Chapter_492

7 0 00

December 13

Walked down the bottom of the road and hung over some wooden railings. A little village baby-girl aged not more than 3 was hovering about near me while I gazed abstractedly across the Park at the trees. Presently, she crawled through the railings into the field and picked up a few dead leaves⁠—a baby picking up dead leaves! Then she threw them down, and kicked them. Then moved on again⁠—rustling about intermittently like a winter Thrush in the shrubbery. At last, she had stumbled around to where I was leaning over the railings. She stood immediately in front of me and silently looked up with a steady reproachful gaze: “Ain’t you ’shamed, you lazybones?” till I could bear her inquisitorial gaze no longer, and so went and hung over some more railings further on.
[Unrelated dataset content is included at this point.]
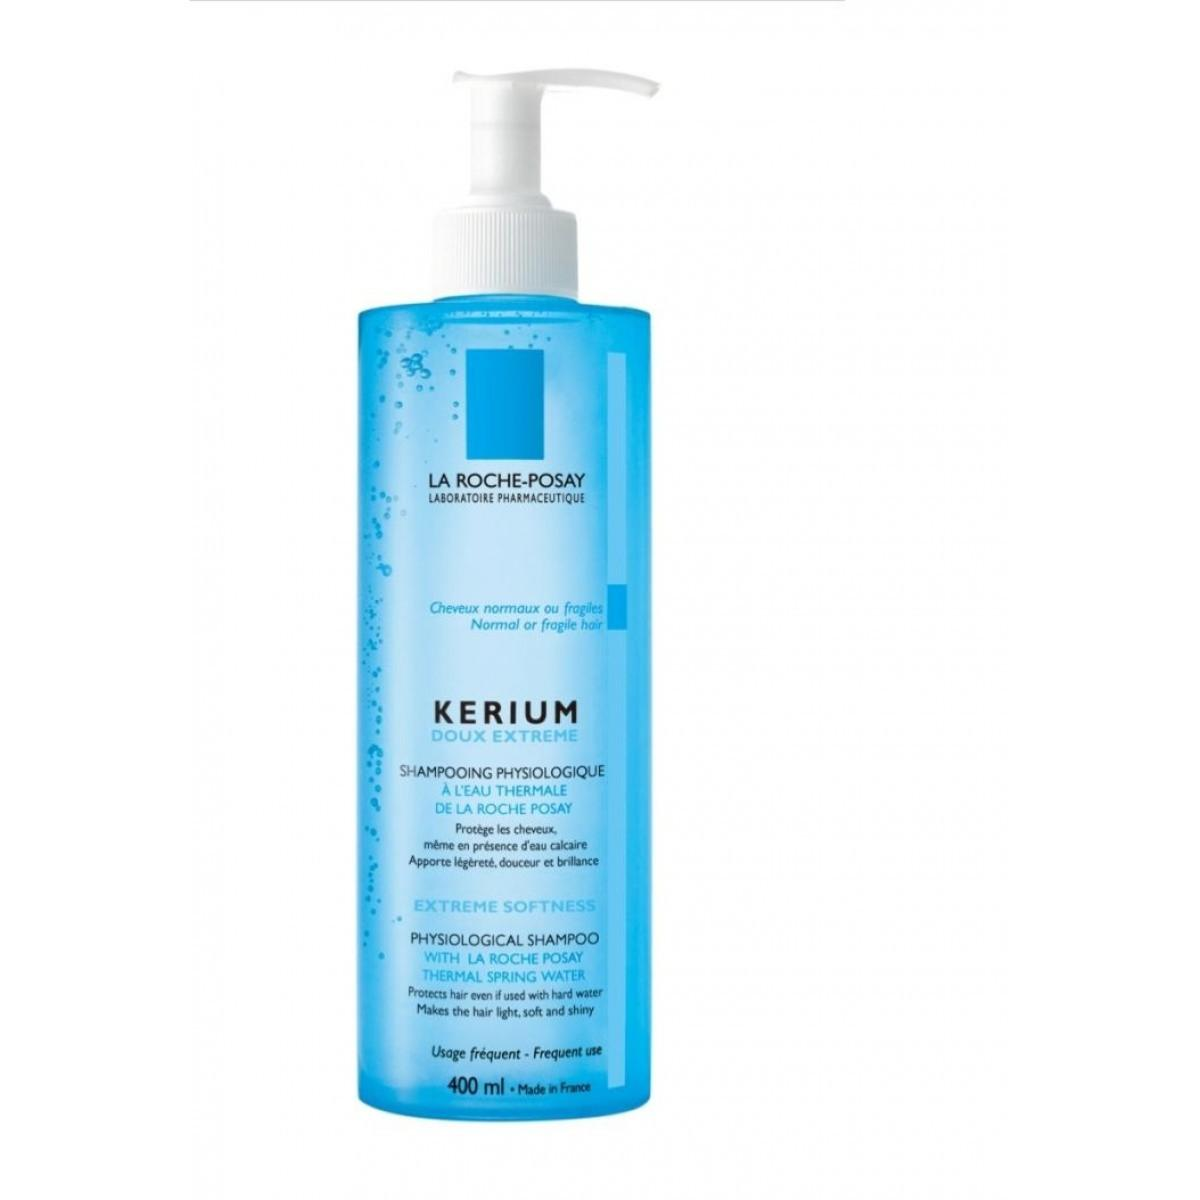 kerium shampooing doux extreme la roche posay. Black Bedroom Furniture Sets. Home Design Ideas

He asked for a Tennyson. She immediately went upstairs in the dark, lit a match and got it for him.

He asked for a Shakespeare. And without a moment’s hesitation, she went upstairs again, lit another match and got that for him.
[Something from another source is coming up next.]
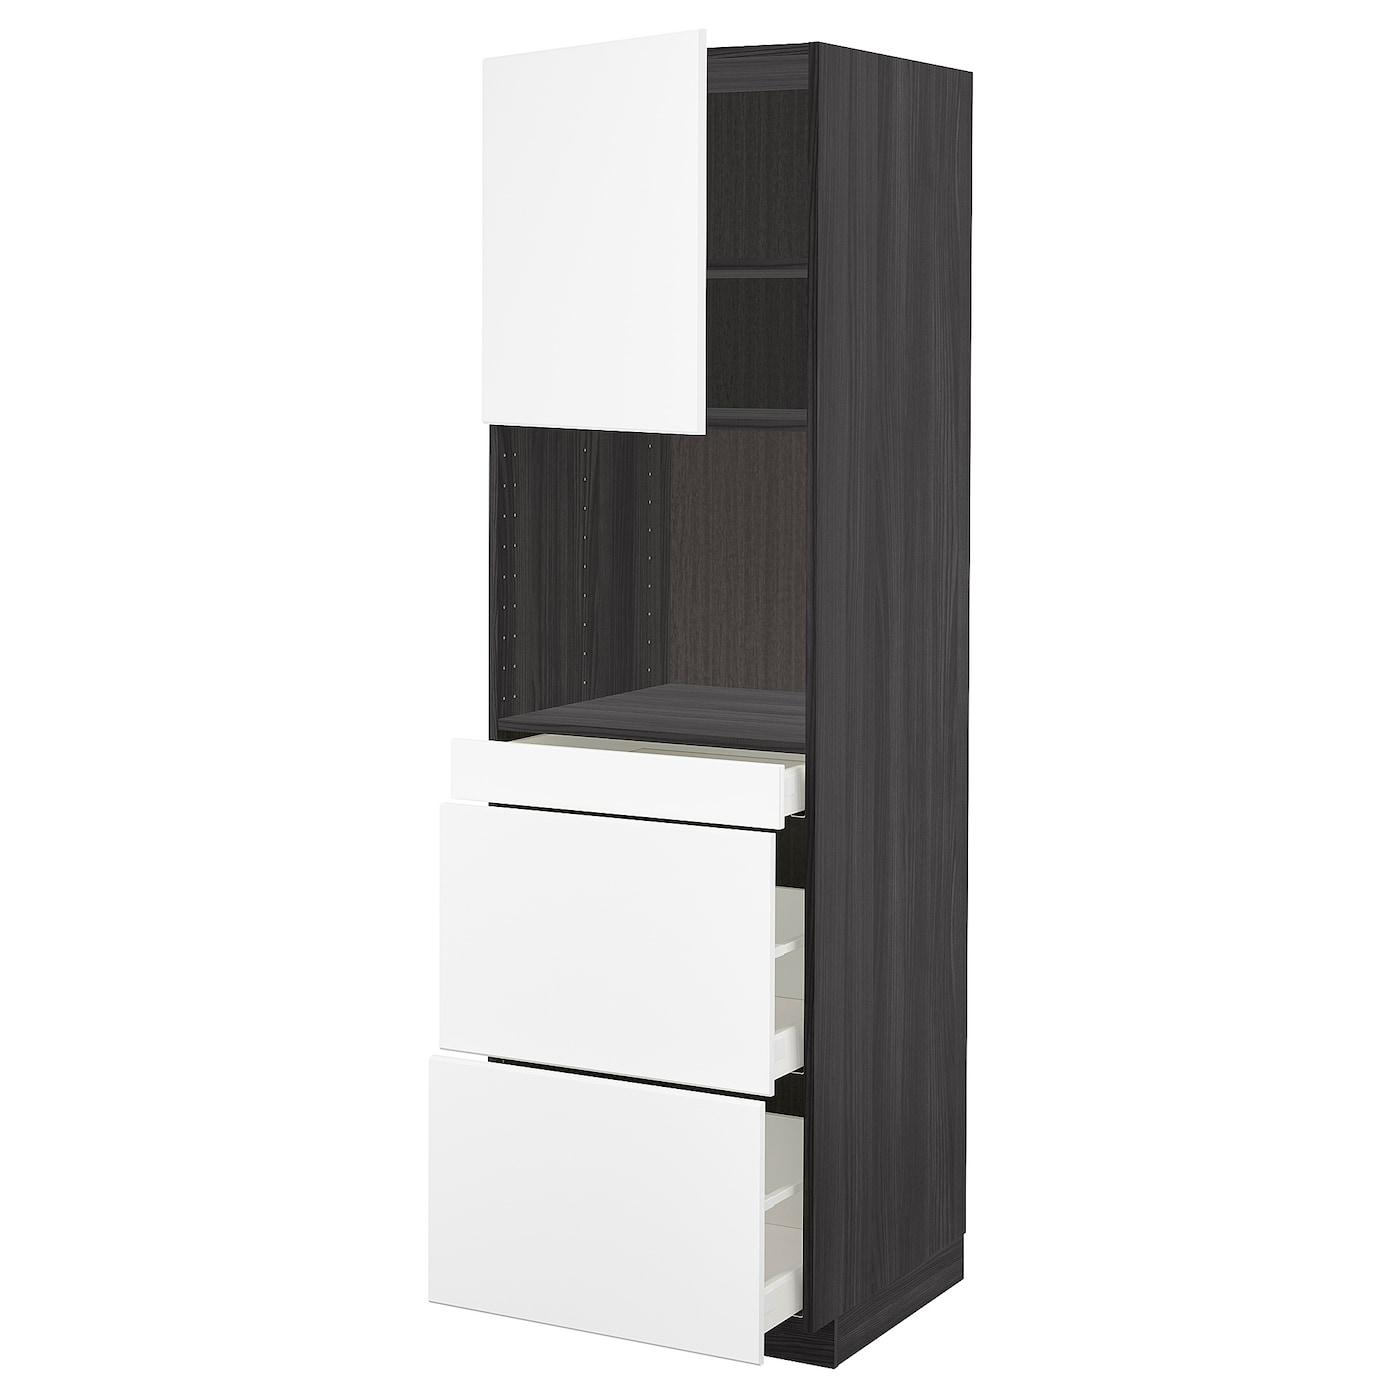 metod maximera armoire micro ondes av porte 3 tir noir. Black Bedroom Furniture Sets. Home Design Ideas

And I believe if he had said “Rats,” she would have shot out silently into the dark and tried to catch one for him. Only a woman is capable of such service.

“You did not come,

And marching time drew on and wore me numb⁠—

Yet less for loss of your dear presence there

Than that I thus found lacking in your make

That high compassion which can overbear

Reluctance for pure loving-kindness’ sake

Grieved I, when, as the hope-hour stroked its sum,

You did not come.”

I thoroughly enjoy Hardy’s poetry for its masterfulness, for his sheer muscular compulsion over the words and sentences. In his rough-hewn lines he yokes the recalcitrant words together and drives them along mercilessly with something that looks like simple brute strength. Witness the triumphant last line in the above where the words are absolute bondslaves to his exact meaning, his indomitable will. All this pleases me the more for I know to my cost what stubborn, sullen, Hephaestian beasts words and clauses can sometimes be. It is nice to see them punished. Hardy’s poetry is Michelangelo rather than Greek, Browning not Tennyson.